Bugünkü yaklaşımlarda rüyalar istekler, arzu ve beklentilerin kontrolsüz ifadesidir. Freud ve diğerleri gibi öncü düşünürler, rüyaların sübjektif yorumlardır, ücrete tabi olmaksızın gizlenen bireysel fikirleri serbest bırakmaya olanak tanır dedi. Onlar rüyaların gizli ateşlemeleri keşfetme aracı olarak görüyorlardı. Modern rüya teorileri, bu teorilerin yetersiz kaldığını ve bağımsız olarak rüyaların ayrı bir rehber olma özelliğine sahip olduğunu öne sürmektedir.
Bu bağlamda, bir kişiyi sürekli olarak rüyanızda görmenin, o kişinin sizi özlediği anlamına geleceği tartışmalı bir sorudur. Ruhsal etkilere maruz kalmanıza karşın, insanlar arasındaki duygusal bağı yansıttıysanız, onları çok istediğinize inanmayacaklarını belirtmek önemlidir. Rüya görmek, gerçeklikten soyutlandıkça kesin olmayan ve kendi arzularını ne kadar dayalı olduğunu görebilmenize yönelik yorumlarla dolu bir süreçtir.

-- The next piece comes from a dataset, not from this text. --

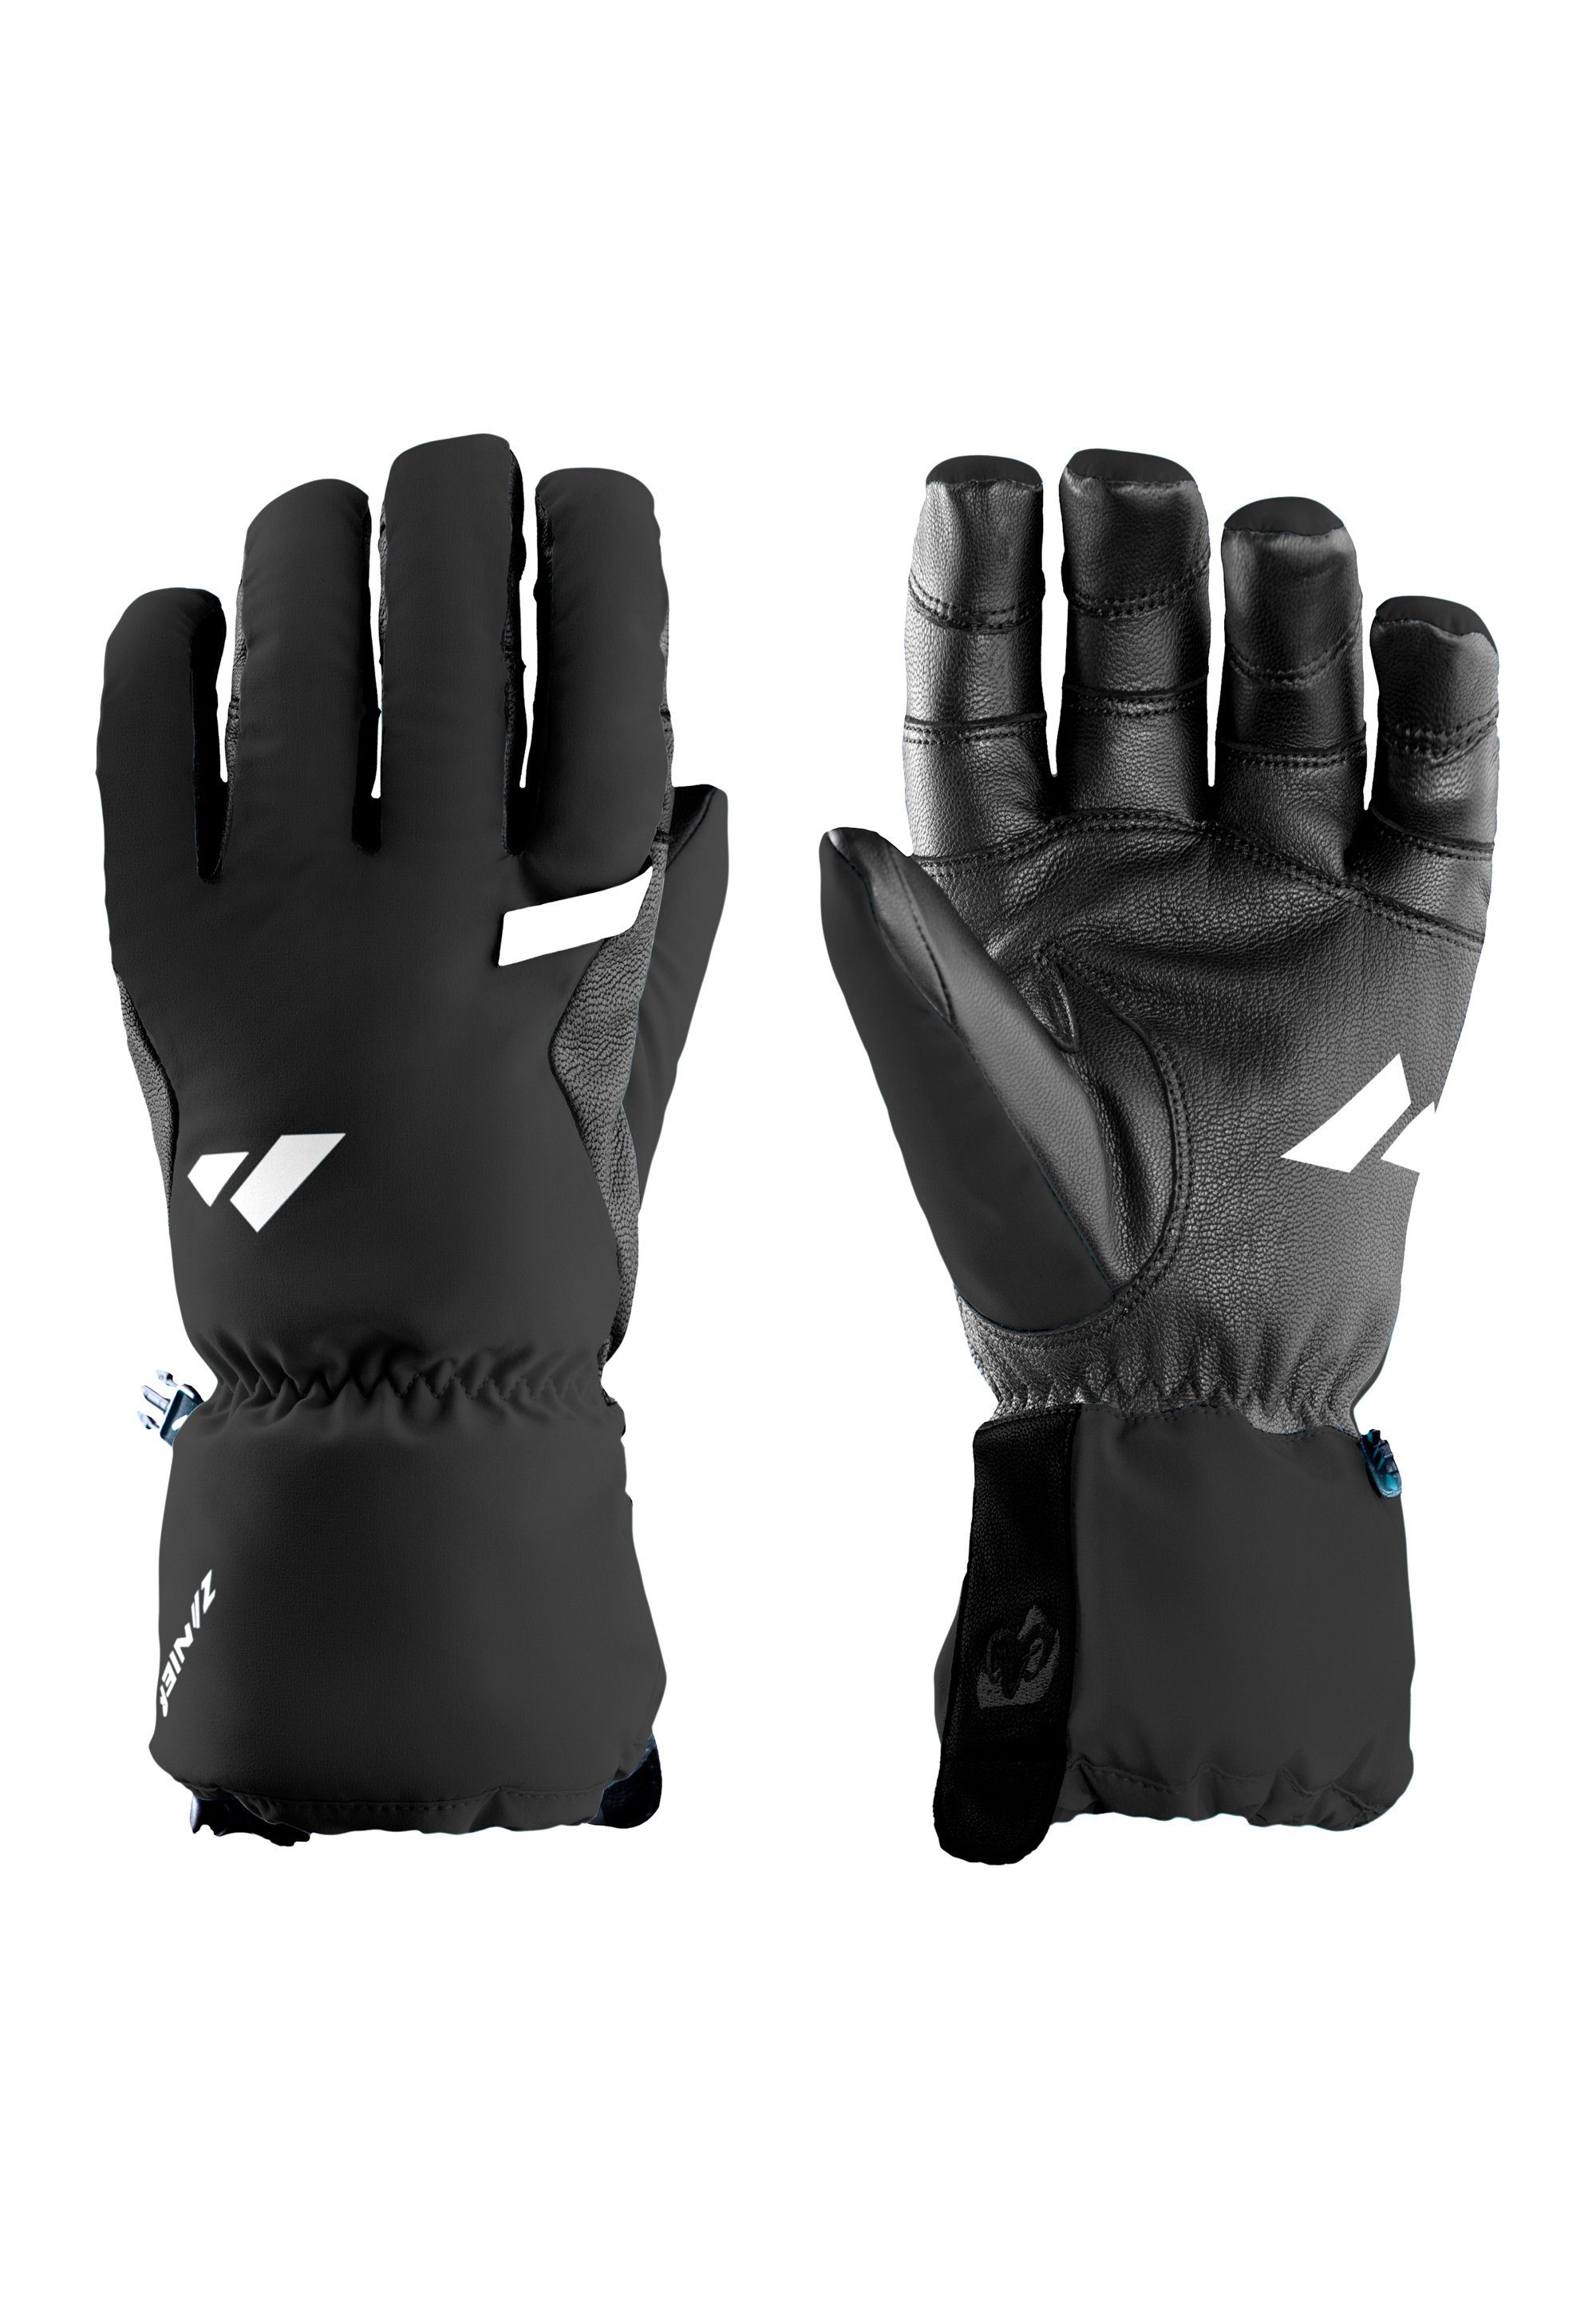 We focus WILDSPITZE.TW on black Zanier gloves Multisporthandschuhe

Özellikle aşık olan ve ayrı olan çiftler rüyalarının özel anlamının üzerinde durmak isteyebilir. Uzmanlar, gerçek olaylar ve düşüncelerin karanlık duvarlarımıza alışık olmadığımız ortamlarda çıkmasının tehlikeli olabileceğini belirtmektedirler. Bu nedenle, rüyalar yorumlanırsa, ne kadar iyi düşünülürse düşünülsün bazı gerçekleri öğrenmemize yardımcı olabilir. Bu durumda, bazı sağlıklı ve varsayımlara dayalı bilgiler sürükleyebiliriz.
Bir kişiyi sürekli rüyalarınızda görmek, o kişinin sizi özlediği anlamına gelmeyebilir. Genellikle insanlar rüyalarına, mevcut gerçeklikten farklı olarak karşımıza çıkan kopuk görüntüler eşliğinde odaklanırlar. Ancak, her rüyanın arka planındaki temel nokta hakkında usulca ve dikkatli konuşulmalıdır. Uzman görüşüne göre, kişisel arzular ve çabalar hem, kişisel anıların bireysel ifadelerini ortaya çıkarmak hem de bizim arzuladığımız noktalara gerçekten yakın olan mesajları net olarak okumamızı sağlar. Bu nedenle, rüyalar hakkında bir yorum, kendi sahip olduğunuz hassas hisler ve algılar ile kendinizi destekleyen net konuşmalarla netleştirilmeli ve kitlesel fikir akımlarına karşı bir kenara bırakılmalıdır.